Dataset extract:

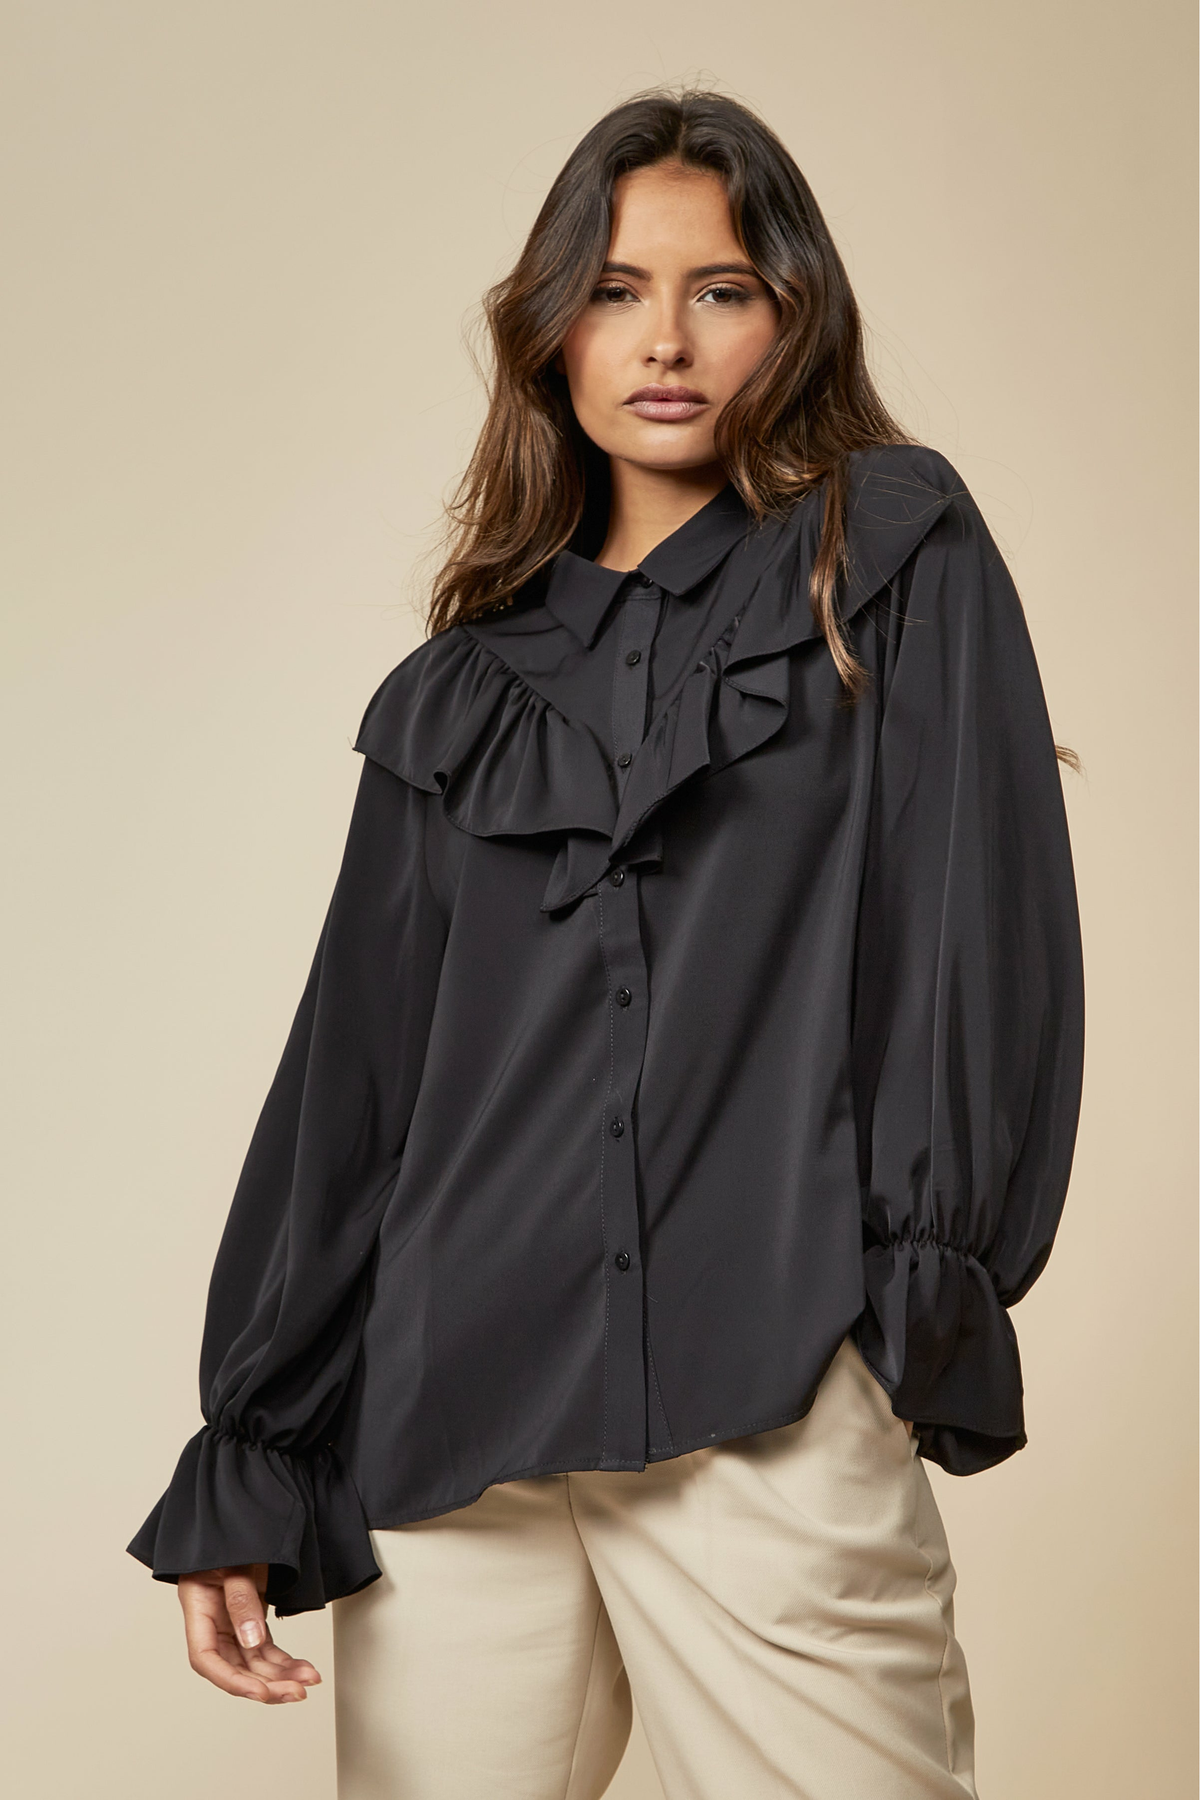 Ruffle Detailed Front with Ruffle Sleeves Shirt in Black GLR FASHION NETWORKING
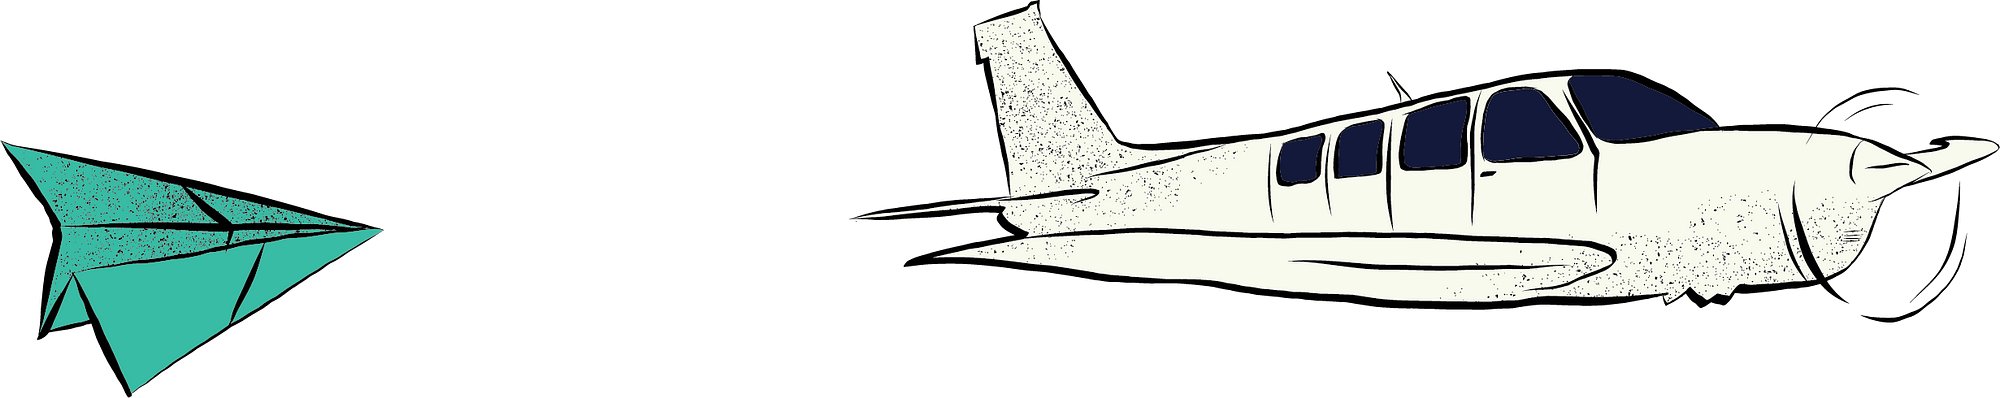 A paper plane on the left and a modern jet on the right. Hand-drawn graphic.
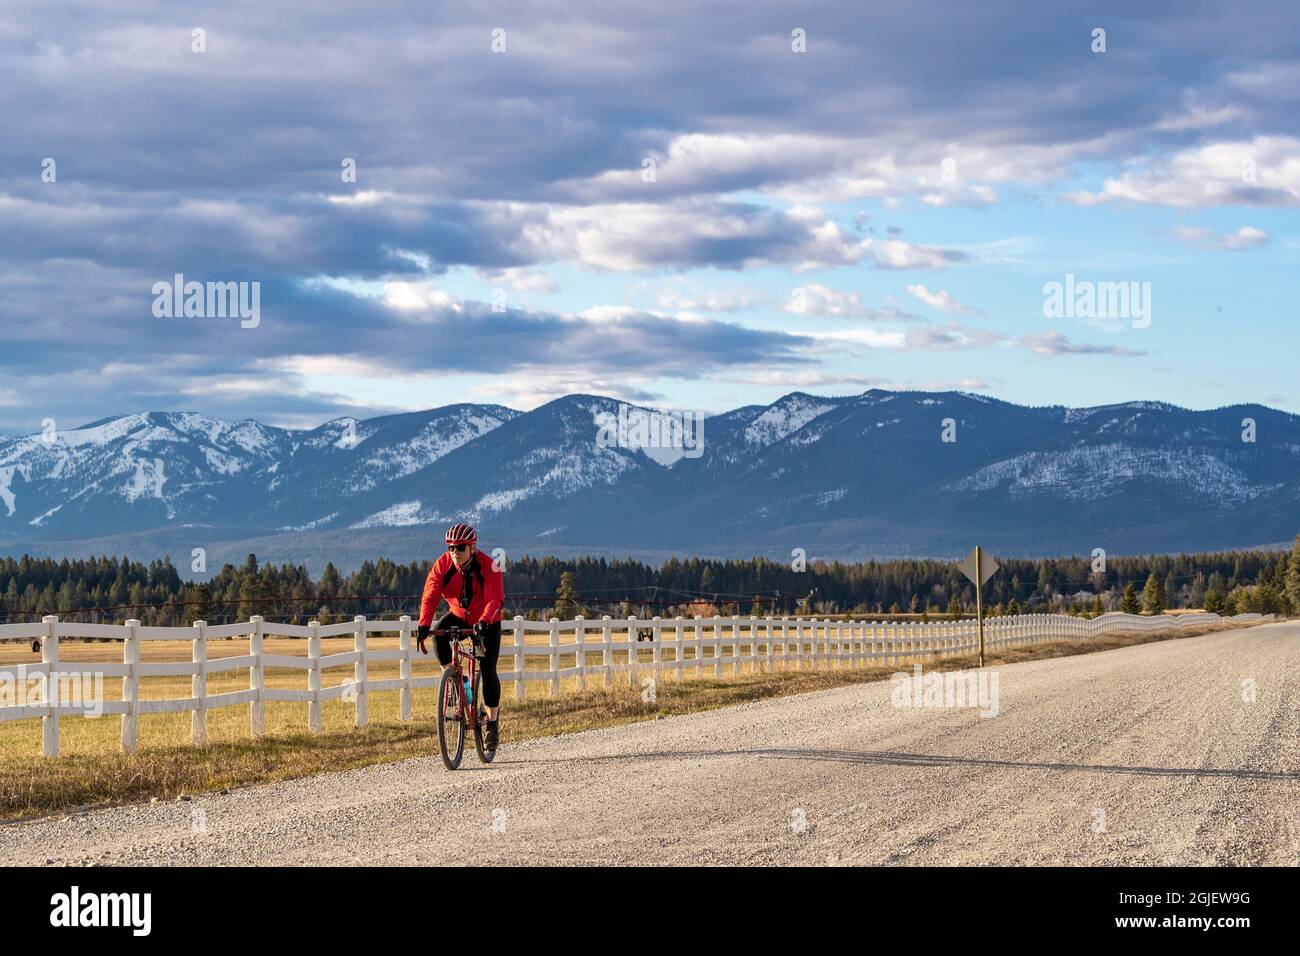 Bicycling on gravel roads of the Flathead Valley, Montana USA. (MR) Stock Photo
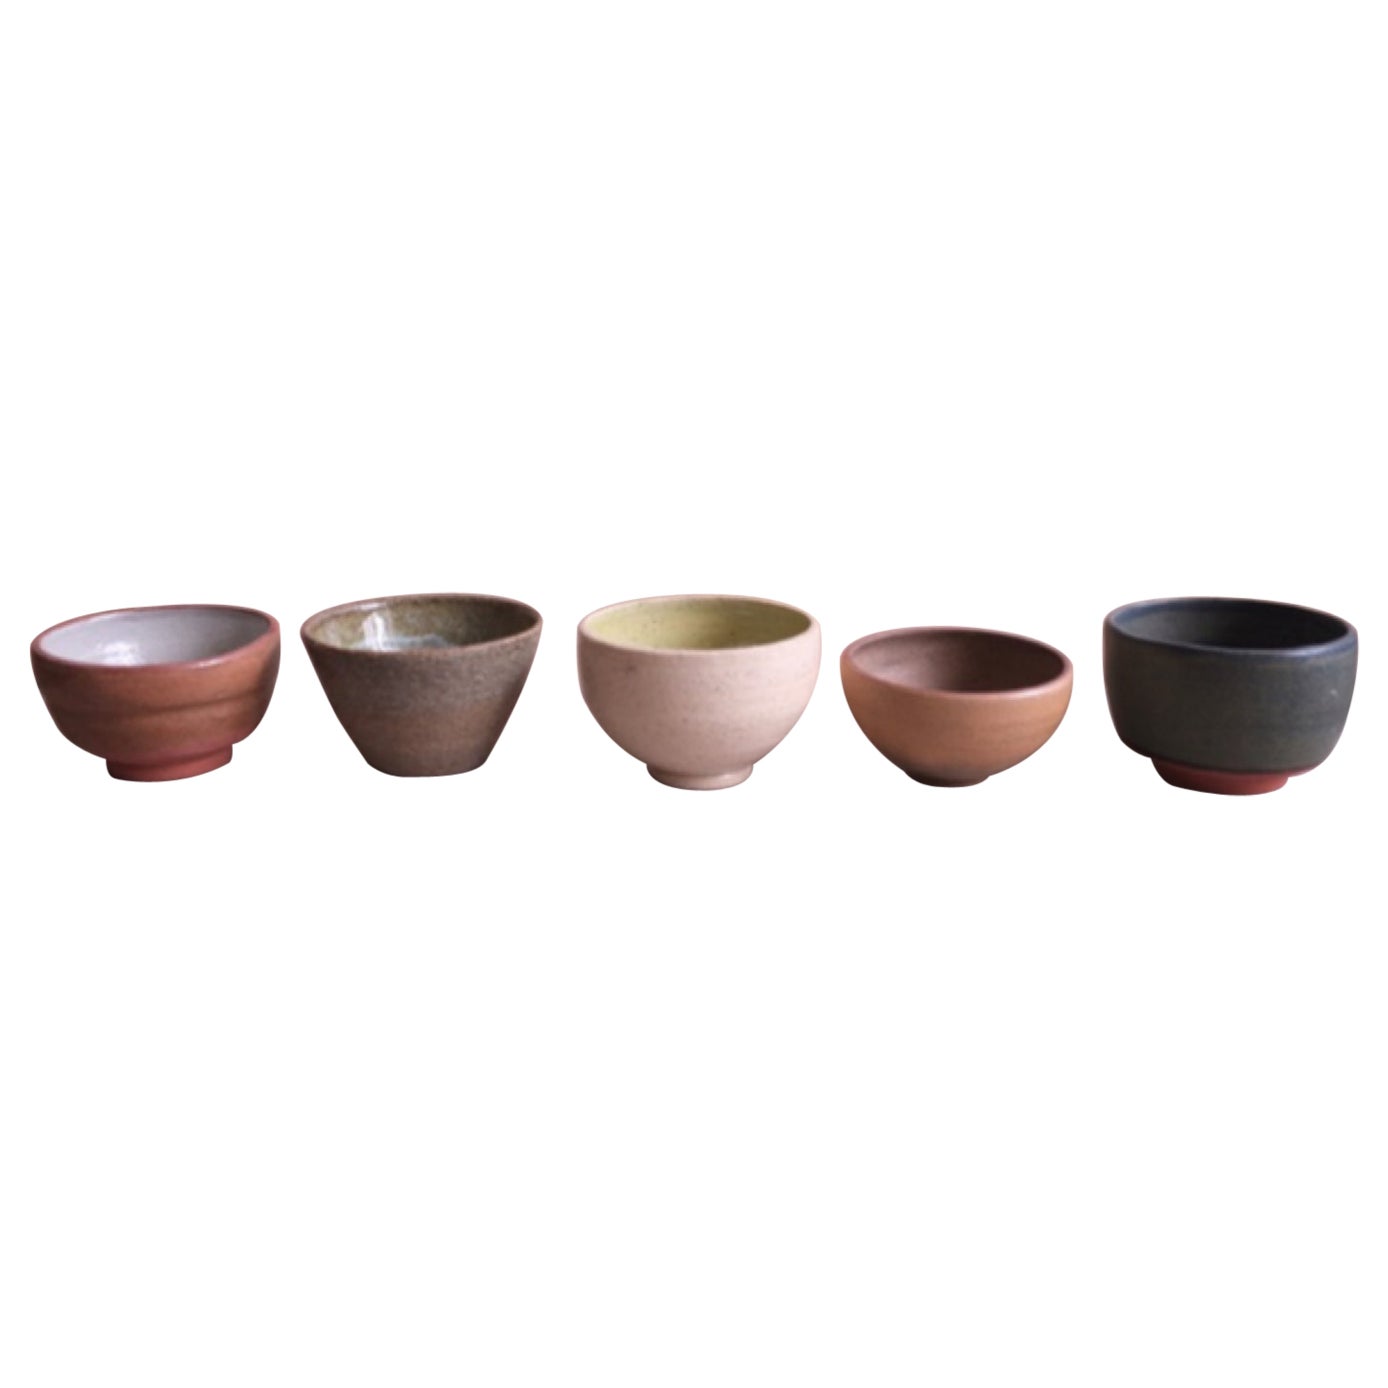 Selection of 5 Tea Cups

Exercise details:
Word for word, restate all of the data, but do not copy the pictures.

Task solution:
 Ruffle Detailed Front with Ruffle Sleeves Shirt in Black GLR FASHION NETWORKING
 A paper plane on the left and a modern jet on the right. Hand-drawn graphic.
 Bicycling on gravel roads of the Flathead Valley, Montana USA. (MR) Stock Photo
 Selection of 5 Tea Cups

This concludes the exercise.